One fall morning, I was solo freewheeling down the dirt road from Marlette Lake to Spooner Lake after shooting the sunrise and golden aspens. It was a familiar ride and I was carrying speed into a sweeping turn when, suddenly, the big ass of a bear appeared on a collision course with my bike! I locked it up and rode out a long skid to a dusty stop, far too close to the bear, which had swung around and was facing me with a “WTF” look.

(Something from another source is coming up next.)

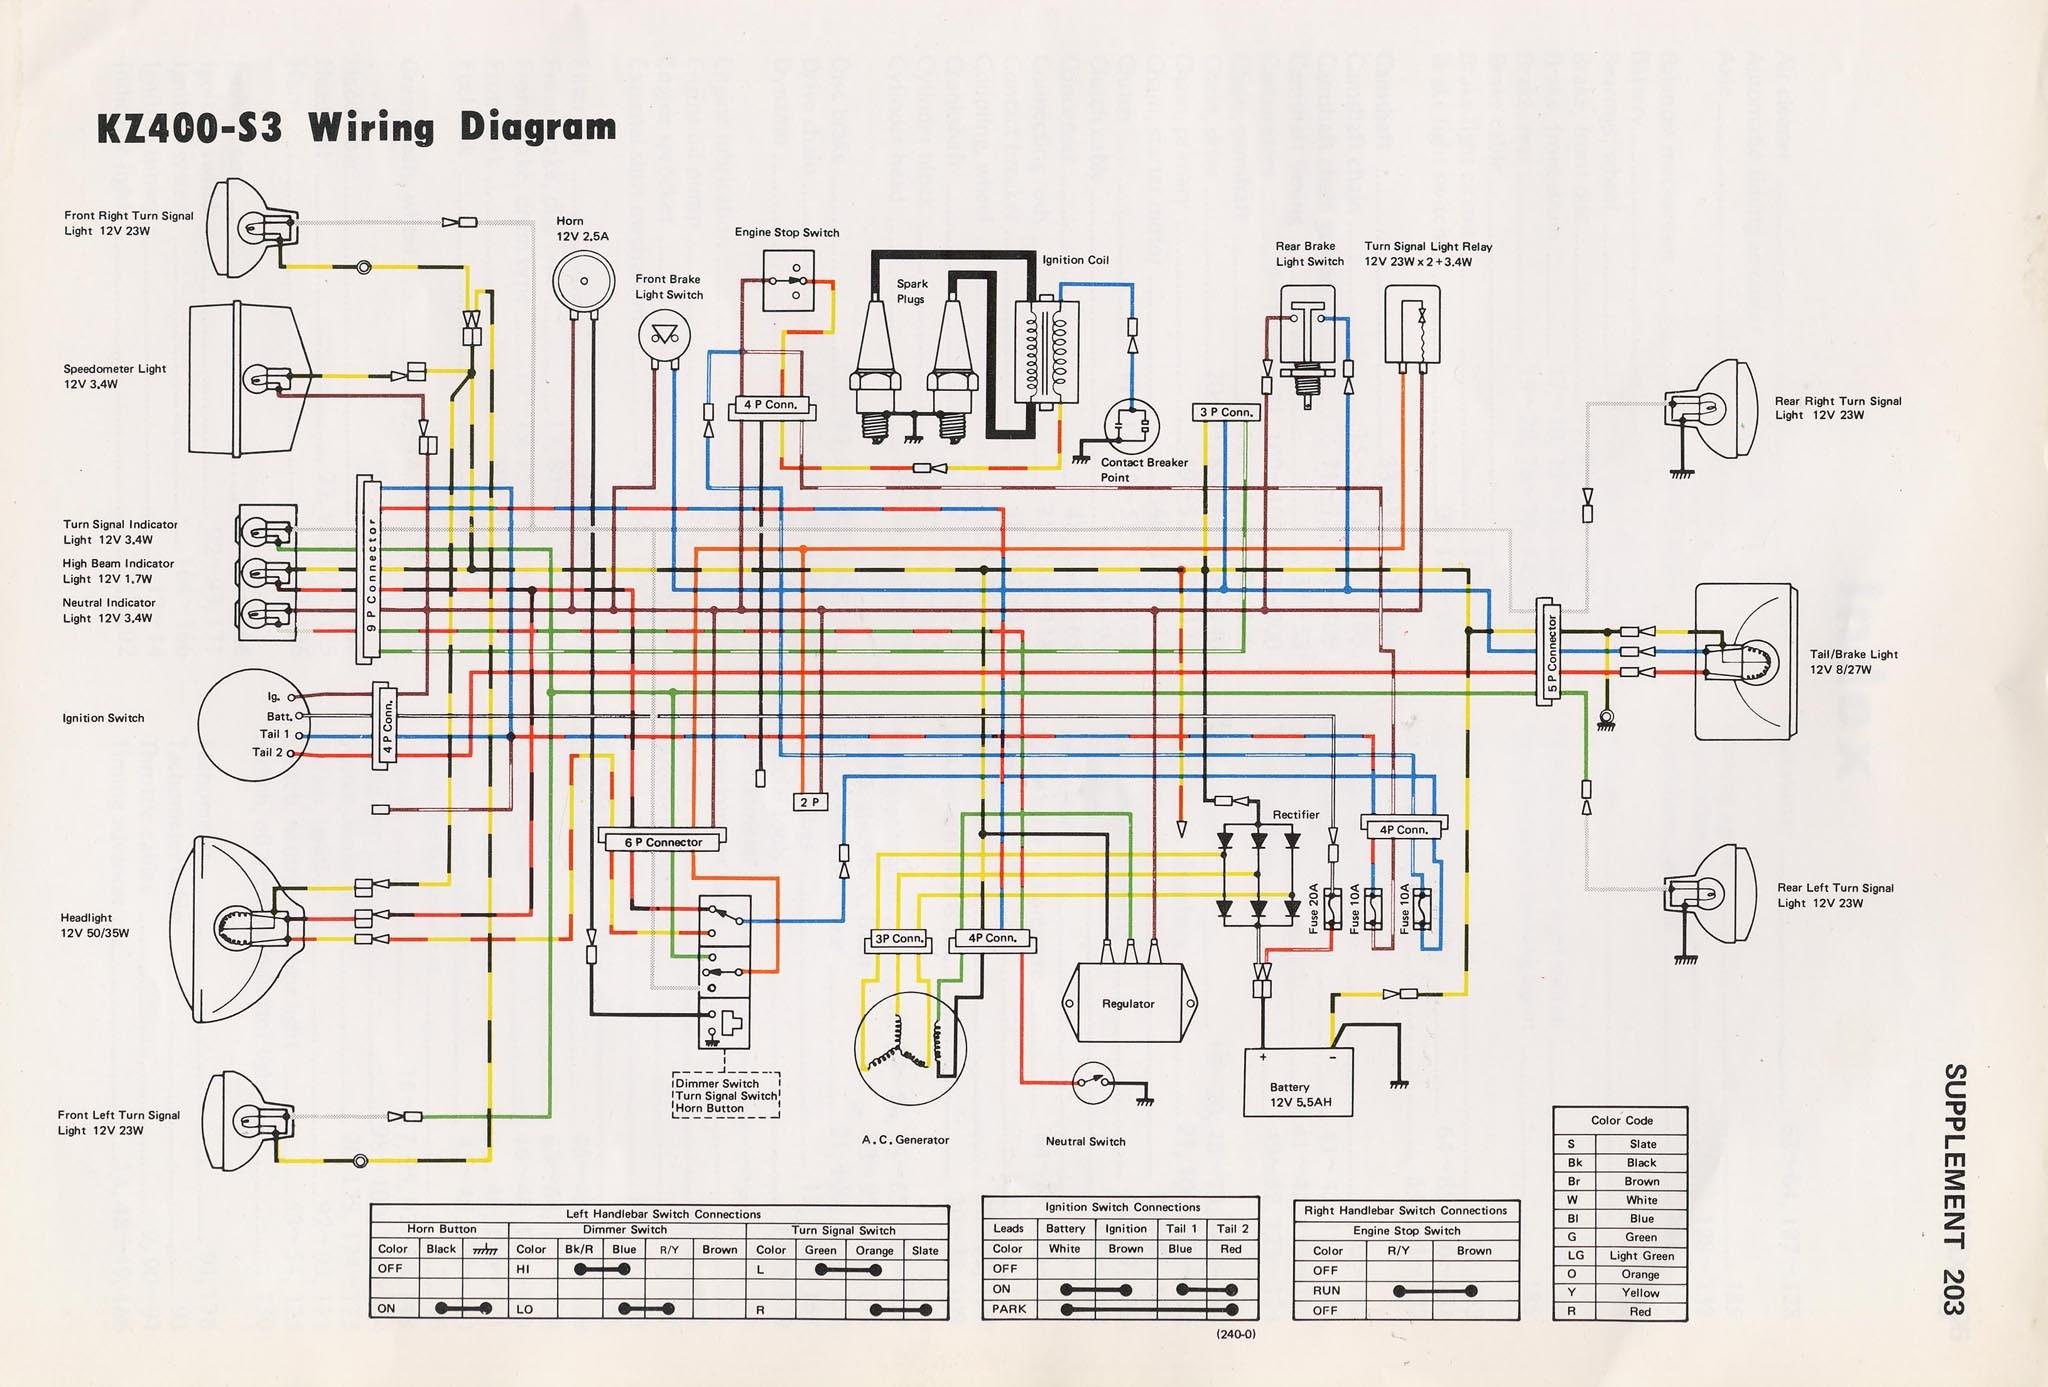 Superb Wrg 9867 Z400 Wiring Diagram Wiring Cloud Staixaidewilluminateatxorg

After we shared startled stares, the bear sprinted up a steep slope like it was flat ground and disappeared into the forest, leaving me pumping with fight, flight or freeze instincts—and a big dose of adrenaline. Glancing down at our footprints in the dust, our tracks were shoe to paw.

 

Scott Williams near 
Bucks Lake in Plumas County, photo by Larry Prosor

Bike to the Future

Fast-forward a few decades, and mountain biking has ventured into new territory with the emergence of e-bikes. This latest craze in biking can sometimes cause emotions to run high on the trail, as there are many examples of less-than-fit-and-experienced riders on powerful e-bikes getting Goofy-driver syndrome. It’s a reminder that, regardless of the era or advances in equipment, mountain biking is not Disneyland. It’s fun, until you hit a solid object.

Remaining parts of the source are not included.